India's largest real estate company, DLF Ltd, may offload its stake in the Nagpur Information Technology Special Economic Zone (IT SEZ) after September, in the second round of raising funds from non-core asset sales to cut debt.
In the March quarter analysts' presentation, the company had said it was targeting to raise a total of Rs 10,000 crore (Rs 100 billion) from non-core asset sales in the medium term.
The divestment would help the company cut its debt that stood at Rs 22,725 crore (Rs 227.25 billion) at the end of the last financial year.
Although the company had planned big-ticket divestments -- mainly to sell Aman Hotels and Resorts, NTC Mills in Mumbai and the wind energy business -- in 2011-12, it failed to conclude the deals in that timeframe.
DLF has now set September 2012 as the new target date for completing these deals. In the analysts' presentation, the company had said after completing the big ticket sales by September, it would strategise for the next round of asset divestment.

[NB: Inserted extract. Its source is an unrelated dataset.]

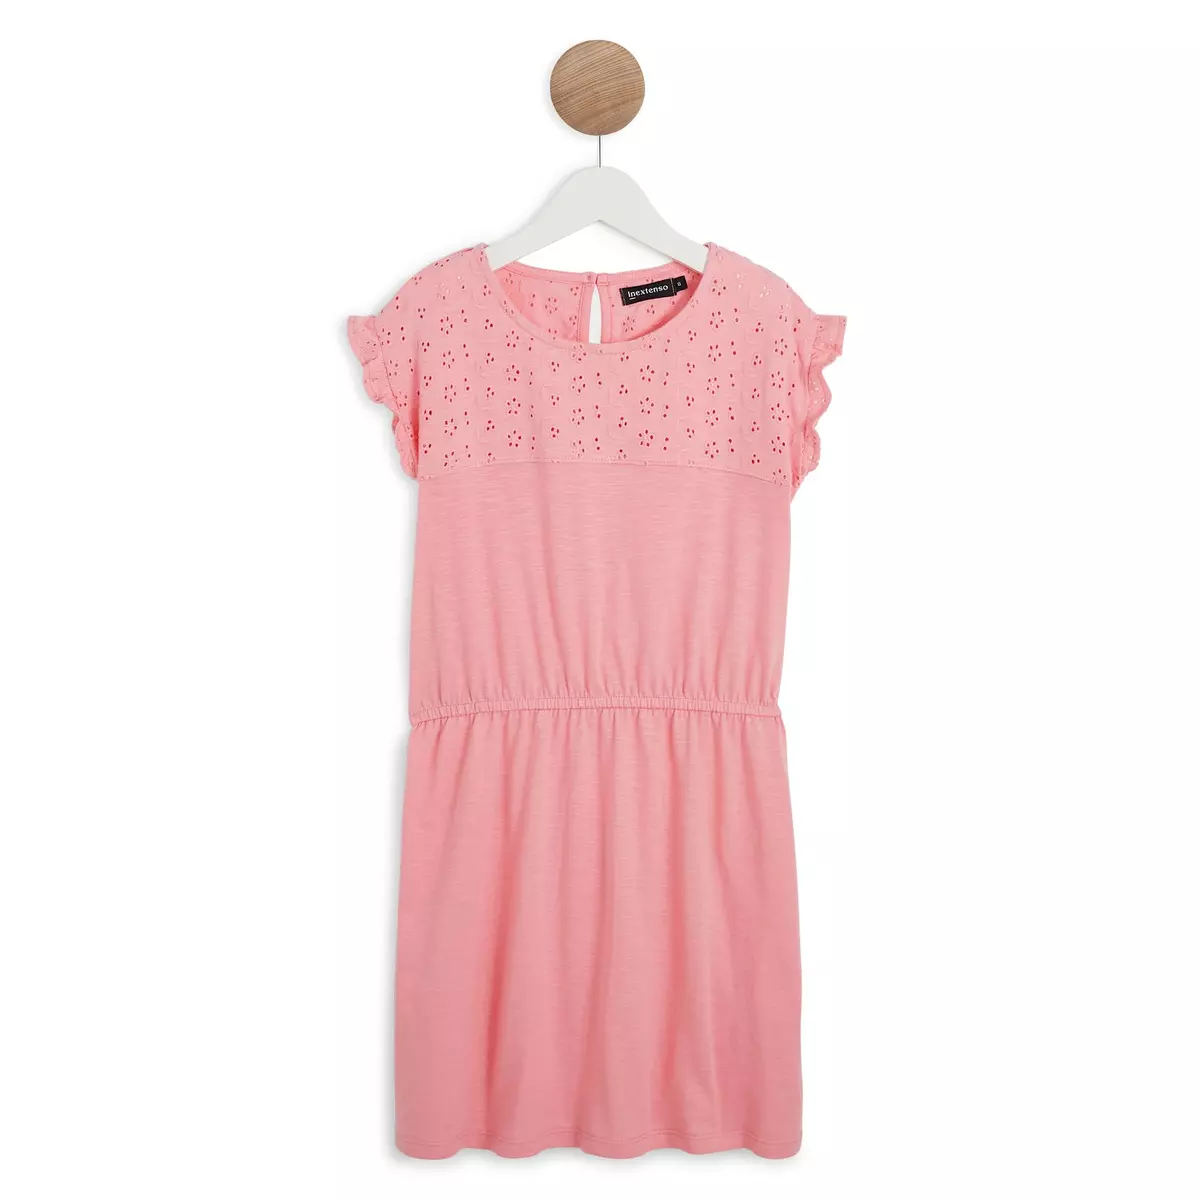 INEXTENSO Robe longue rose corail fille

Sources said the company would exit the Nagpur IT SEZ in the second round of asset sale.
DLF launched the 140-acre IT SEZ at the Multi-modal International Hub Airport at Nagpur, Maharashtra, in 2007.
The company planned to invest nearly Rs 1,000 crore (Rs 10 billion) in the project, but the construction work halted in 2009 as the sector was hit by the global economic crisis.
SEZs have not turned out to be attractive for developers, and they are now exiting such projects.
In December 2011, DLF, along with its joint venture partner, had sold its entire stake in DLF Ackruti Info Parks, Pune, to private equity major Blackstone for Rs 810 crore (Rs 8.1 billion).
Besides the Nagpur IT SEZ, DLF is also likely to put on the block land parcels in Gurgaon and New Gurgaon, which do not fit in the long term strategy of the company, sources said.
The company is expected to conduct a mid-term review on non-core asset sale after September.
DLF raised Rs 1,774 crore (Rs 17.74 billion) in 2011-12 through divestments of non-core assets, including plots and IT SEZ parks.
The divestments proceeds have touched Rs 4,844 crore (Rs 48.44 billion) so far.
The company, however, refused to comment on the second round of non-core asset sale at this point of time, saying it would be decided only after the big ticket sales were concluded by September.
NTC land sale in Mumbai is expected to help the company raise RsĀ 2,900 crore (Rs 29 billion), but the deal is stuck due to valuation issues.
DLF wants to sell the land as it does not feel it is feasible to do a project in Mumbai as the company is based in Gurgaon.
Analysts pointed out that the company might find it tough to meet the September target for Aman hotel sale due to valuation issues.
Aman hotel has been on the block since May 2011.